As drone data collection becomes standard practice across surveying, engineering, and infrastructure projects, the ability to merge UAV datasets with mobile mapping, terrestrial lidar, ground-penetrating radar, and other capture methods is becoming an increasingly critical, but still complex, professional skill. This session examines that challenge through the lens of real-world projects.
Presentations draw on hands-on experience integrating UAV and mobile mapping data on large-scale DOT road projects, as well as case studies from a growing sUAS program that expanded from aerial imagery into topographic lidar and ultimately into multi-source data fusion to meet demanding project requirements.

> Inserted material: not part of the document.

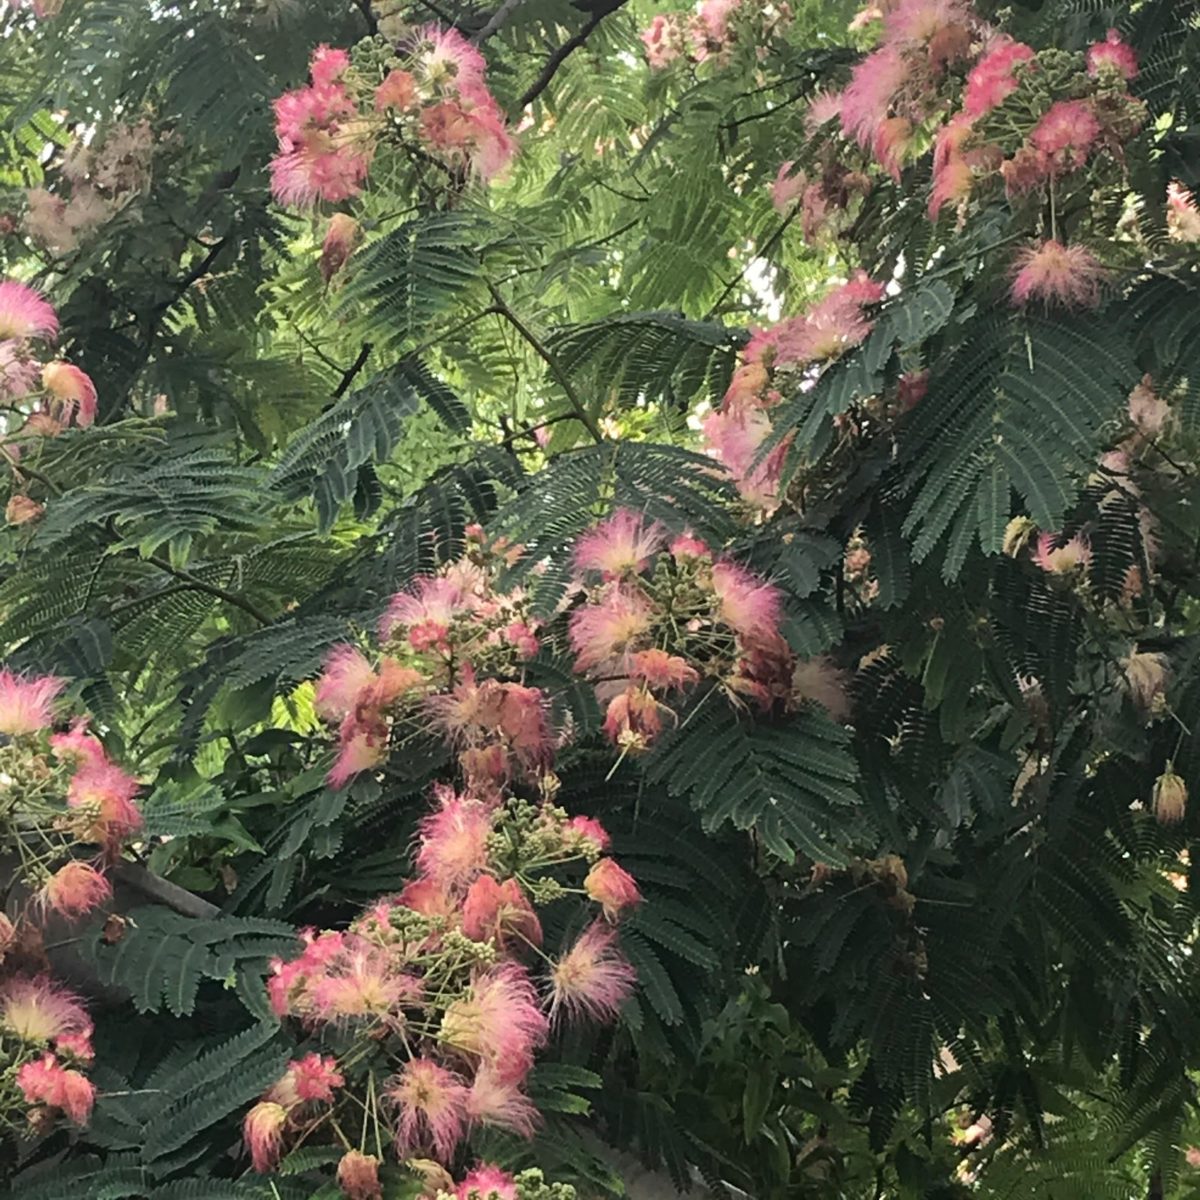 Pink, fuzzy flowers on a mimosa tree

Both presentations address the processing considerations, workflow decisions, and hard-won lessons that come with combining datasets that weren’t designed to work together. For drone surveyors and geospatial professionals navigating increasingly complex project requirements, this session offers grounded, practical perspective on one of the field’s growing challenges.
The following presentations will be shared in this session:
Case Studies of Data Fusion with sUAS Lidar, Terrestrial Lidar, and Ground Penetrating Radar – U.S. Army Corps of Engineers Mobile District
Presented by David White, I-ATLAS USACE
In 2019, the U.S. Army Corps of Engineers (USACE) Mobile District initiated their small Unmanned Aircraft Systems (sUAS) Program. The sUAS Program originally gained traction by collecting aerial imagery and videos but quickly expanded its capabilities to include structure-from-motion and topographic lidar. Data collected is utilized by multiple divisions within the Mobile District from public affairs, engineering, construction, and operations. As the program grew with sensors and applications, we quickly realized that there was a need to combine data to meet the requirements. This presentation will look at case studies of these UAS applications where data streams (traditional airborne lidar, ground penetrating radar, and terrestrial lidar scanner) were merged to create data fusion products. Combining these datasets overcomes the shortcomings of each individual data type to fulfil the requirements. The presentation will address data processing considerations for past and future data fusion projects, as well as successes and struggles involved with each.